Benedita participou da Assembleia de Deus por quinze anos. Decidiu sair, pois não aceitavam seu segundo casamento, com Agnaldo Bezerra do Santos, conhecido como “Bola”, que não era da Igreja (MENDONÇA; BENJAMIM, 1997, p. 98). Casou-se na Igreja Presbiteriana Independente através do contato com o pastor Mozzart Noronha. Nesta passagem de sua biografia, percebe-se um trânsito religioso interessante em busca, segundo ela, de suas convicções e fé, mas sem deixar que a posição da igreja interferisse em sua vida pessoal.

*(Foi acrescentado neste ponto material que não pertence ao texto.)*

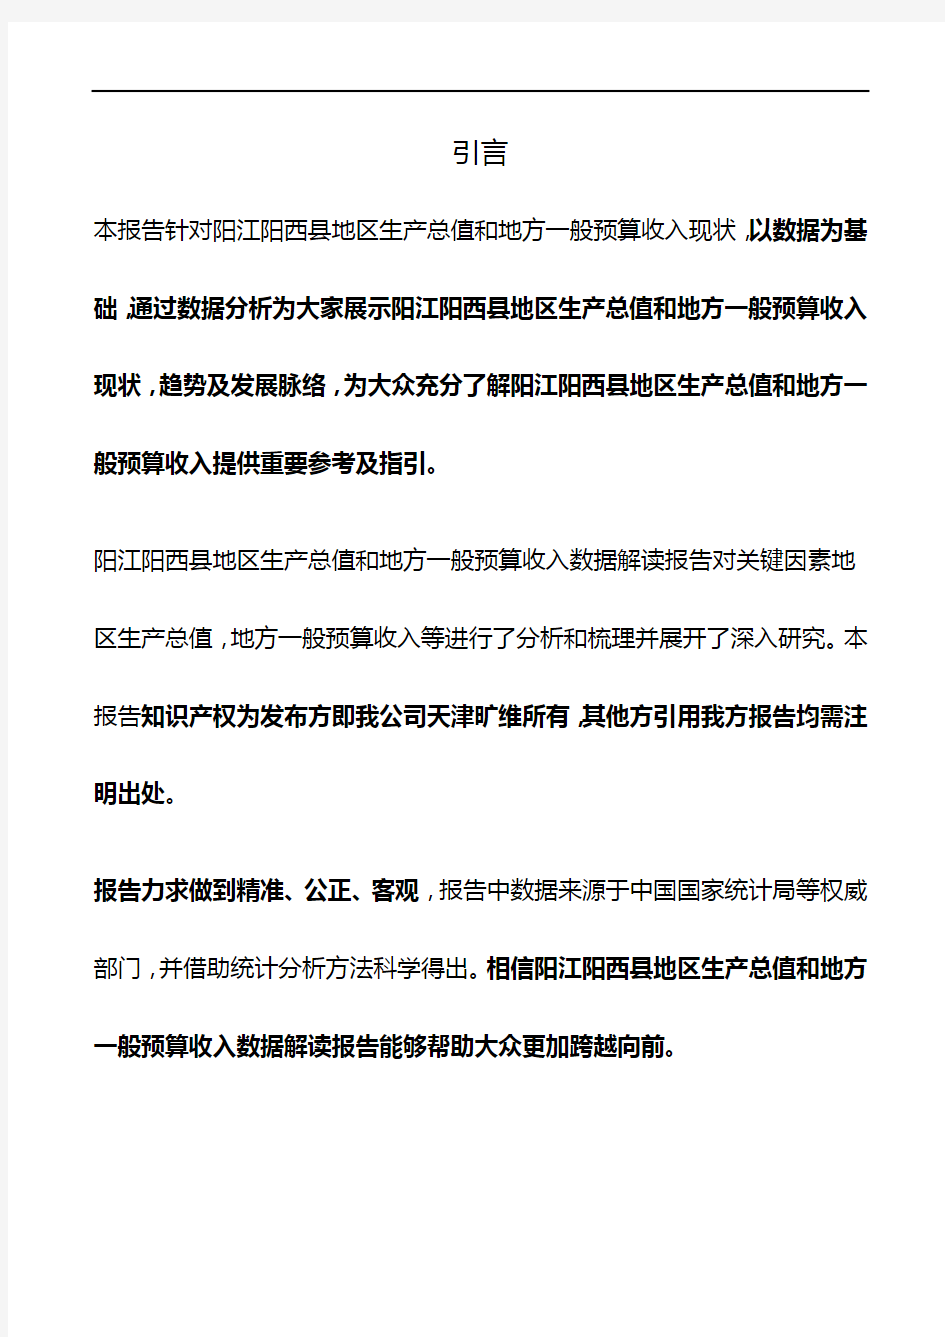 广东省阳江阳西县地区生产总值和地方一般预算收入3年数据解读报告2020版
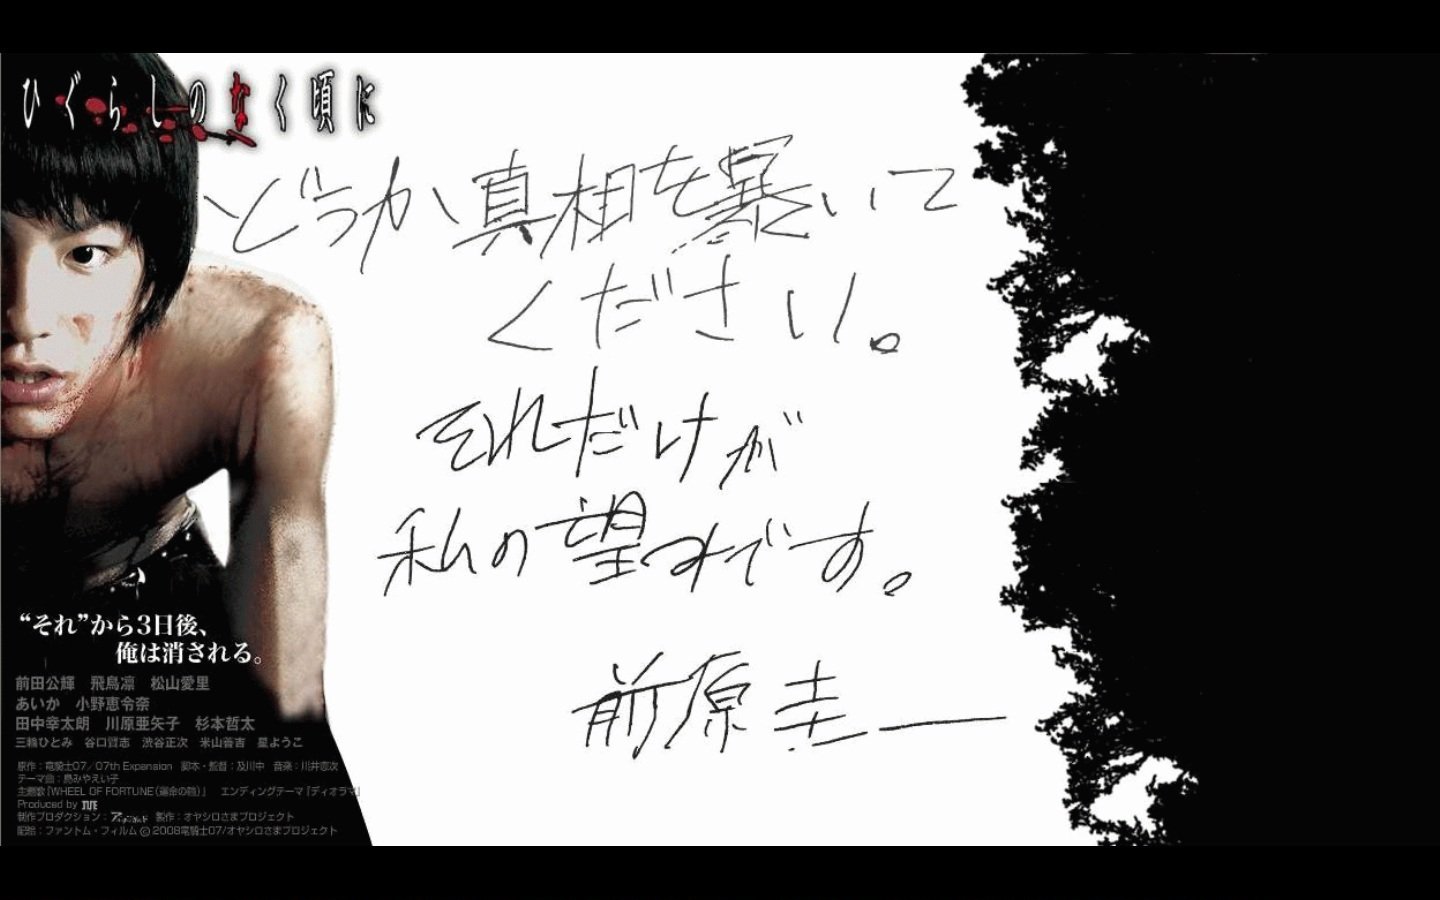 Higurashi no naku koro ni (2006) - Titlovi.com

Para Benedita da Silva, a Bíblia faz parte da sua concepção política. Avalia que sua fé não deve estar separada da sua política. Defende a reforma agrária não só por razões políticas, mas também por questão de fé. Para ela, as leis existem para democratizar as relações e garantir os direitos dos cidadãos. Não devem ser usadas como instrumento de repressão. Ao longo do capítulo, Benedita da Silva fundamenta muitas de suas ideias através de passagens da Bíblia. “Não tenho formação marxista. A Bíblia fala das leis que servem para oprimir, de como os grandes proprietários usurparam suas terras, sobre corrupção” (MENDONÇA & BENJAMIM, 1997, p. 99). Ela afirma ter como inspiração as figuras da Bíblia que lutaram por direitos. Mulheres como Sifrá e Puá, duas parteiras que arriscaram suas vidas para salvar bebês do sexo masculino, condenados à morte pelo faraó do Egito. Também as filhas de Zelogeade, que lutaram pelo direito à herança das terras de seu pai, o que foi considerado legítimo e transformado em lei e direito que passou a fazer parte do Velho Testamento. Outra mulher da Bíblia mencionada por ela foi Débora, juíza que abdicou do luxo e mordomias dos tribunais e passou a atender as pessoas carentes debaixo de uma palmeira (MENDONÇA; BENJAMIM, 1997, p. 103). Benedita afirma acreditar no Deus que se identificou com os pobres, curou os enfermos, compadeceu-se dos cansados e aflitos, libertou os oprimidos e desmascarou os hipócritas (MENDONÇA; BENJAMIM, 1997). E continua: “Minha leitura do Evangelho não é alienada. Considero Jesus Cristo revolucionário, mais que qualquer proposta de partido de esquerda que já conheci. Ele sempre pregou contra a opressão, a tirania, a usura e a fome, não temeu os poderosos e exaltou os humildes” (MENDONÇA; BENJAMIM, 1997, p. 98). Benedita entende que a Bíblia é um importante meio de transformação social e, de uma forma interessante, resgata o papel da mulher no Evangelho.